Однако Ян всё не ехал. Тотчас после обручения Бережицкий привёз двадцать пять тысяч; потом сто тысяч привёз Безобразов; но этого всё было мало; Мнишек, не стесняясь, брал деньги у посла Афанасия Власьева да по его записке забирал товары у московских купцов в Люблине на царский счёт; сверх того, взял у одного московского купца деньгами четырнадцать тысяч да сукон на пять тысяч злотых, а ещё мехов у каких-то купцов Ильи и Фёдора на пять тысяч шестьсот злотых.
Прошло и Рождество... прошёл и Новый год... а Ян всё не едет. Воевода вернулся в Самбор. Старика Бучинского замучили кредиторы Мнишка: он стал худеть и едва не впал в отчаяние. Наконец, 3 января 1606 года приехал молодой секретарь московского царя. Он привёз двести тысяч злотых воеводе да сыну его, старосте Саноцкому, в подарок пятьдесят тысяч.

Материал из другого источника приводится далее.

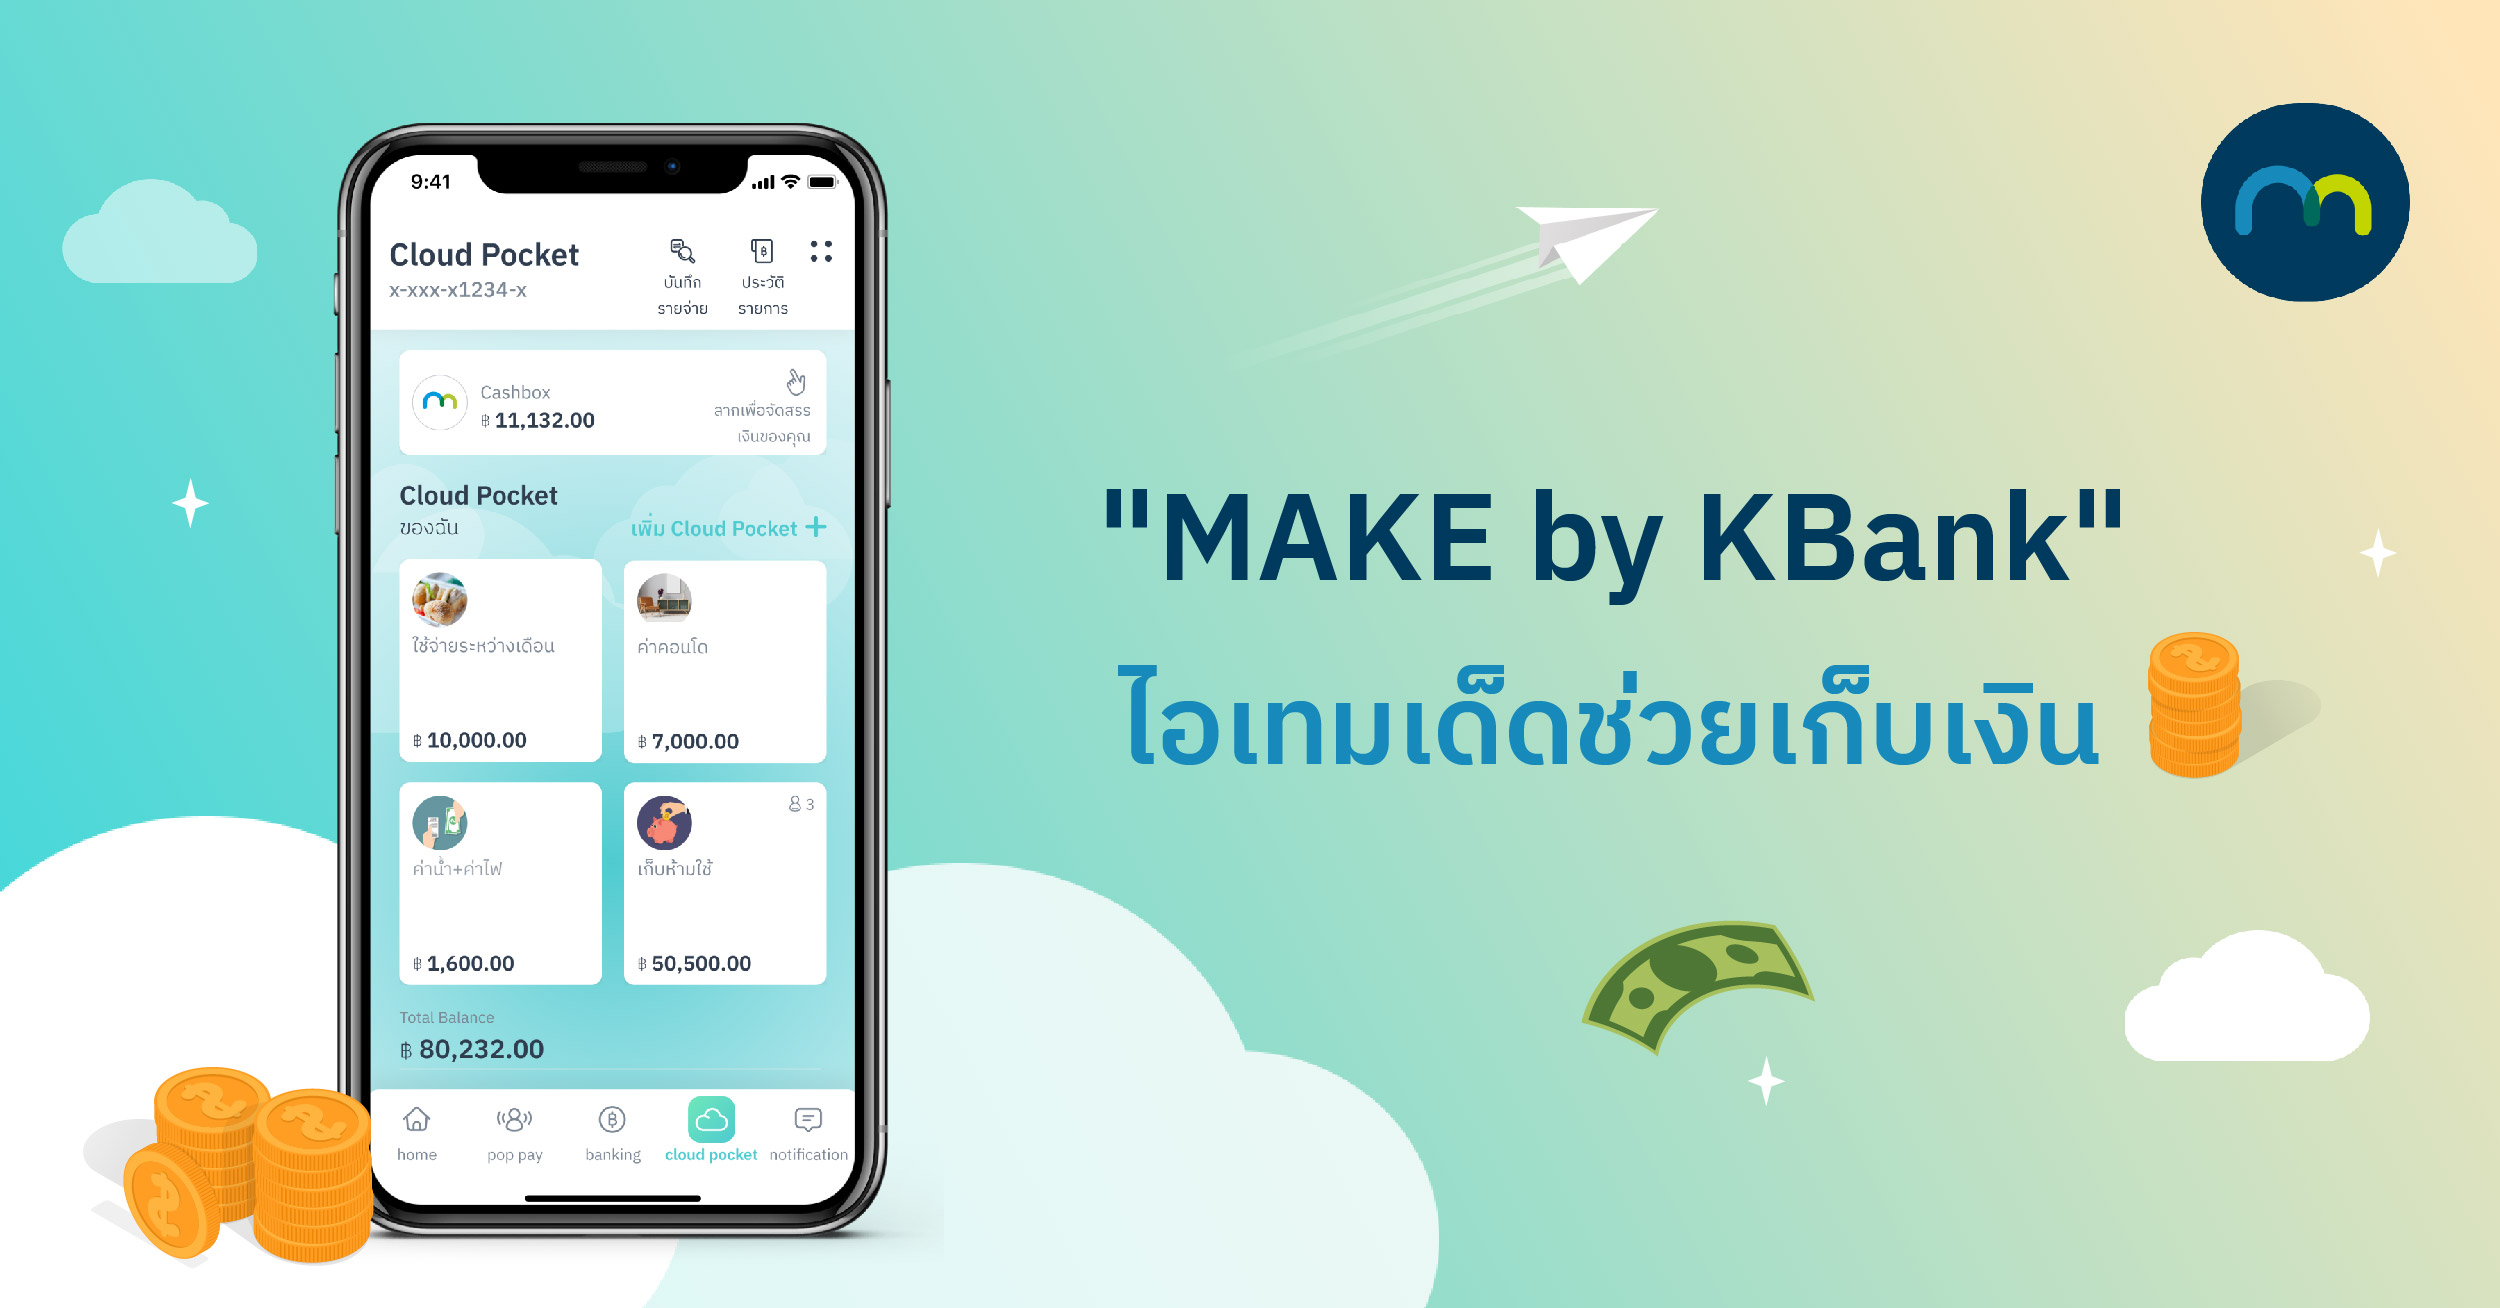 อยากมีเงินเก็บ ทำ 3 สิ่งนี้ต่อเนื่องถึงเป้าหมายแน่นอน | Make By Kbank

– Ну, ойче, здравствуй! – сказал царский секретарь, входя в кабинет старого маршалка, передав уже воеводе письмо и деньги от царя (он видел отца в приёмной воеводы, но видел как маршалка, и этикет не позволял ему тогда здороваться).
– Здравствуй, здравствуй, мой милый, ясносиятельный царский секретарь! – ответил старик и бросился обнимать сына. – Дай же на тебя посмотреть! Да скажи мне, какой же у тебя титул там в Москве, как тебя величают бояре и все звери, тебе подчинённые?
– У меня нет никакого титула, – отвечал Ян. – Зовут меня обыкновенно царским секретарём...
– Ну а как же!.. Ты ближе всех стоишь к царю? Правду я это слышал? Первый ты человек в Московском государстве?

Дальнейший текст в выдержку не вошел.